Does this dramatically increase the size of logs (I don’t think so, but just to check)?
Is there a higher network load on the OPC-UA server?
Always appreciated for your insight Phil, but do you have any information on the performance aspect of this, aside from the “best practices for maintainability”? I agree with your recommendation 100%, just want to know if, for example, I have 500 tags on a page (Vision primarily, in some form or another, driving indicators, hidden, etc. as a worst-case), if one is better than the other?
Not that I know of. Certainly not for tag bindings (subscriptions). Possibly a slight impact of system.tag.read*(), but I wouldn't expect that to be an issue short of tens of thousands of tags in a single read.
What Phil said, but don't go overboard.
Windows (sigh) has issues with file paths longer than 255 characters.
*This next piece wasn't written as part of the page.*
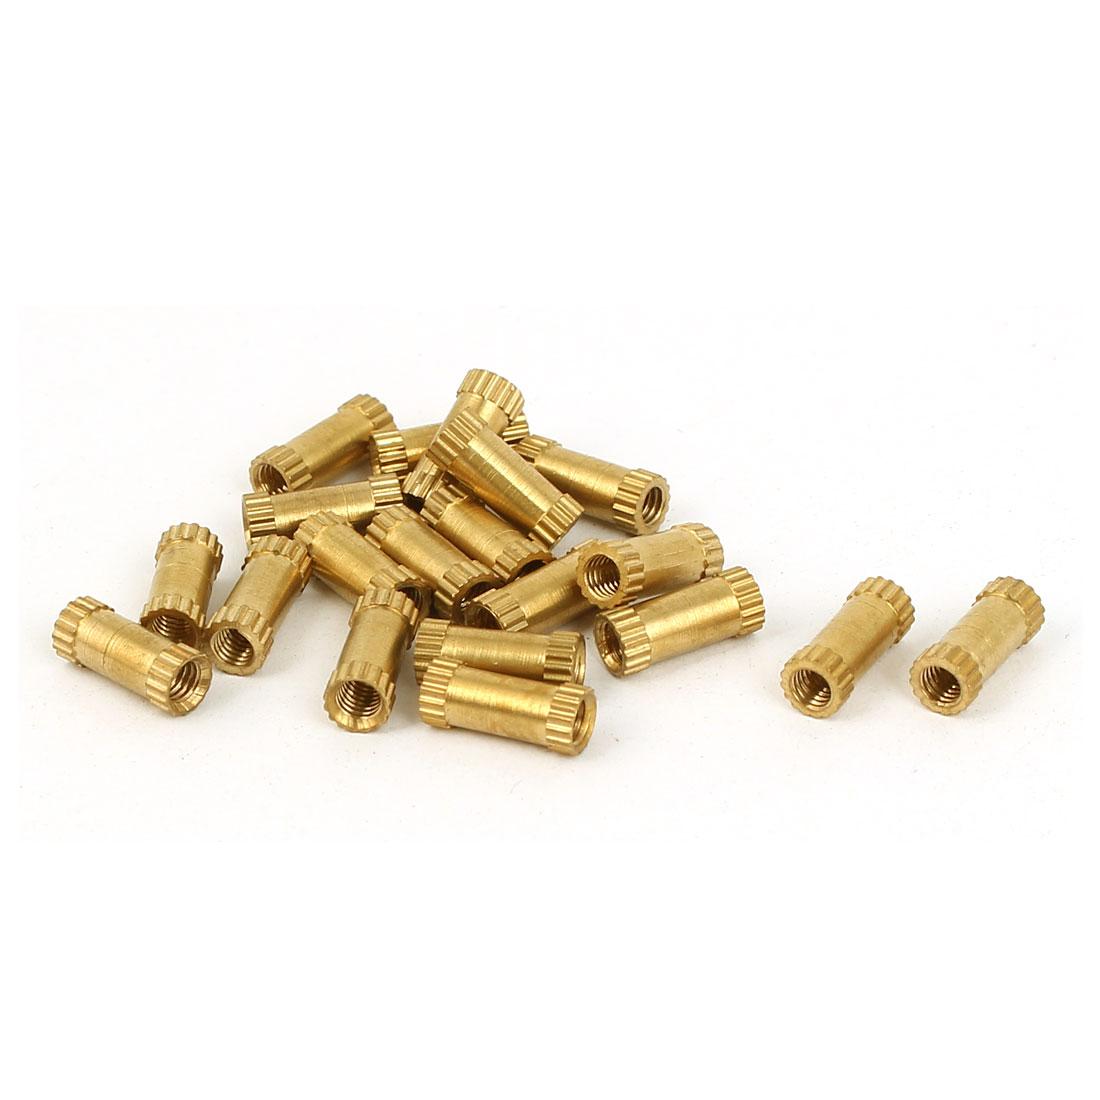 M3 x 4mm x 10mm Female Threaded Insert Embedded Brass Knurled Nuts Hardware 20 Pcs

This starts to become relevant in Ignition 8.3, where tag configuration is stored in a series of flat files on disk that reflect the same hierarchy as your tag organization. C:/Program Files/Inductive Automation/Ignition/data/config/resources/core/ignition/tag-definition/default/Diagnostics/Data Acquisition Unit/X/Environment/High Temperature is 170 characters.
As far as I remember, Java/Ignition handles these long paths okay, but the rest of the OS, including literally explorer.exe, starts to behave very strangely.
Thanks Paul, luckily in our case all of this will be on RHEL, but it’s good to know of the quirks. You’d think by Windows 11 they would have fixed the 255 character issue better than they have...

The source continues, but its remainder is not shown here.